Hacker News new | ask | show | jobs
by hyperman1 2177 days ago
A simple way to include performance in the development activities without ending ib premature optimization territory is to introduce timing budgets.

Decide for each operation how long it us allowed to take. E.g. pushing this button reacts in 100ms. Make your tests record these times. Optimize when it becomes clear you're not going to make it.

There was an intervieuw with the Intel engineer that got the linux laptops booting in 10s. They budgetted, x seconds for kernel, y seconds for X11, etc. .

3 comments

This can work really well with the modern tools for traffic shaping and CPU-limiting (either in browser or the OS): set budgets for things like different network profiles and run your tests in each one so you don’t have to argue about whether “good enough” on someone’s tricked-out dev workstation will be that way for a wireless user on a 5 year old device while still recognizing that these won’t provide the same experience.
This sounds totally reasonable for a company like Auth0 that has a) a big engineering team and b) tons of people who are depending on their APIs not being slow.

Do you think it's easy enough to get this sort of machinery set up even for small startups?

If you're collecting stats anyway, it's not usually too hard to collect a latency metric and process it.

There's room to argue about methodology (ie client vs server latency, where and how timing probes happen), but just pick something and try to measure no more than 10 phases of the requests (timing probes have costs too), and see what happens. After you have a baseline, you can set targets and/or see how releases change your data.

Why not? It's more a question of attitude than technology.

Measure it any way you want.
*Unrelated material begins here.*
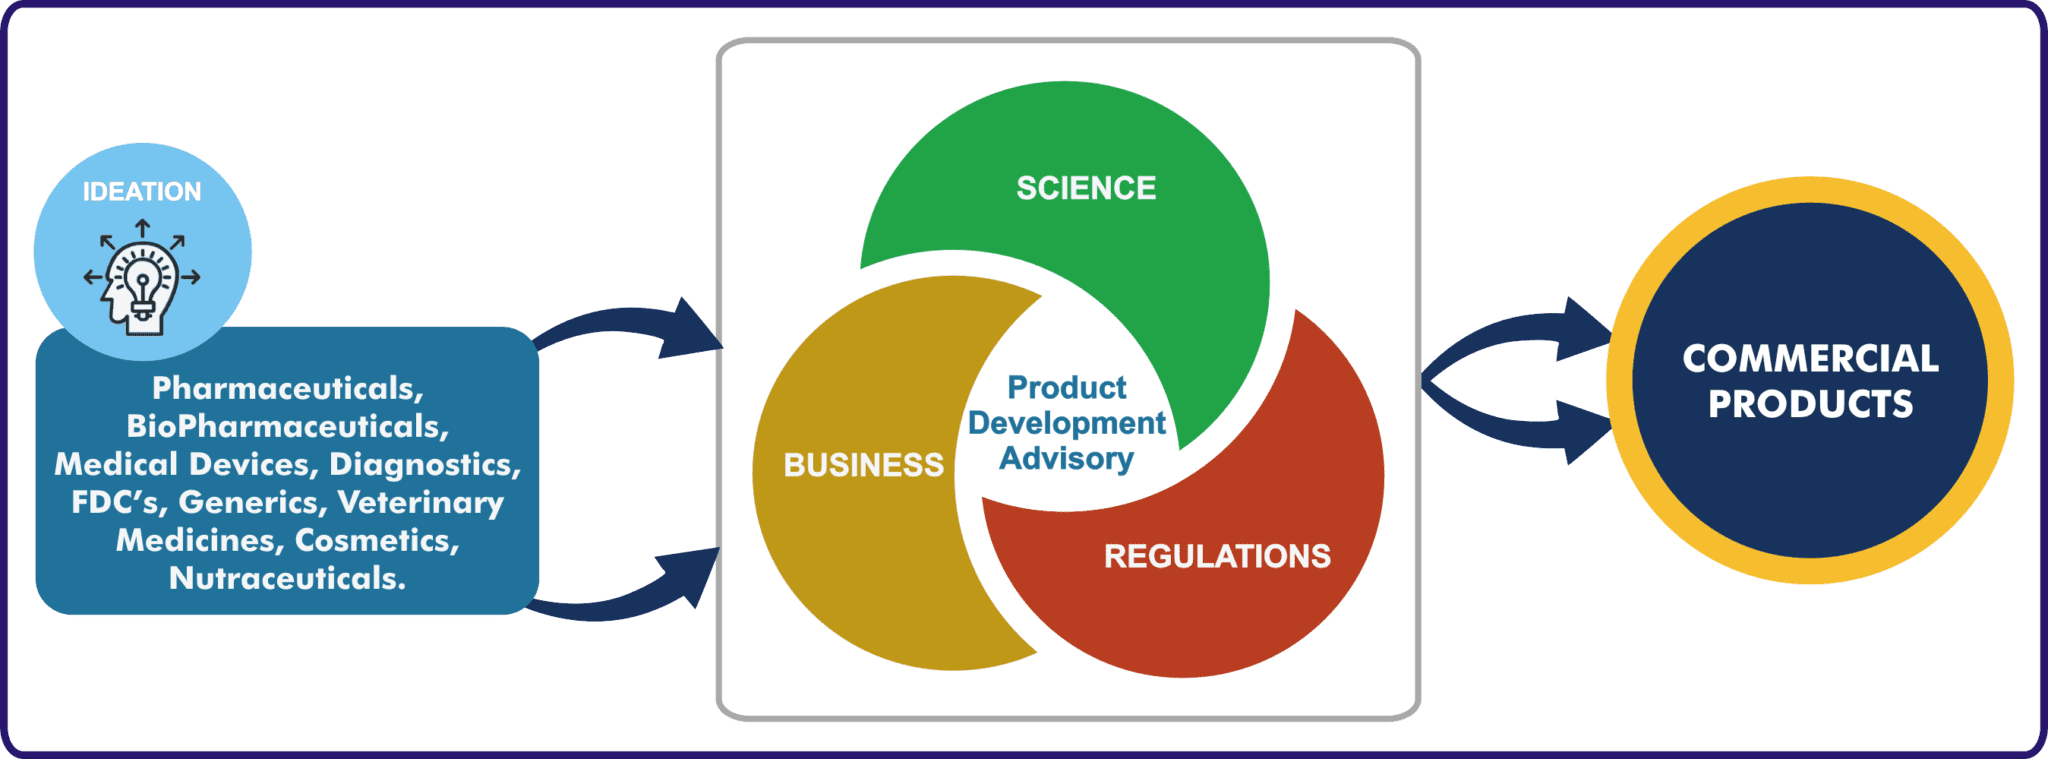 Product Development Advisory India

Take an old pc, drop some monitoring package like zabbix on it, and let it poll the APIs. Log entry and exit time. It wont be perfect, but even the lowest effort measurement is better than nothing at all.

It depends on how fancy you want to get. It could be as simple as a unit test that runs some scenarios a dozen times under a timer and fails if 90 percentile time is greater than the target time.
How do you measure this? Run the item multiple times in different envs and take an average?
While you can make this as complex as you want, even something as statistical abhorrent as simply measuring 1 run on a build server gives you a lot of bang for your buck.

The main idea is to have some way to keep the pulse and notice the worst regressions.

I usually like to set percentile thresholds: bad performance is much more likely to cause user frustration so I’d set something like p50/90/97th values for your supported scenarios (e.g. on a website, you might say “old phone on 3G”, “laptop on WiFi/cable”, and “desktop on fiber”) and treat blowing the top end budget as the most critical: fix in next release if you can’t meet your 97th percentile targets but otherwise every release should incrementally improve.

For network latency, you can set profiles in things like headless Chrome or use the Linux / macOS traffic shaping globally.

Percentile thresholds IMO is the way to go. You'll find things that don't cause problems at P50 to be problematic at higher percentiles, and the higher percentiles are usually where the user pain lies.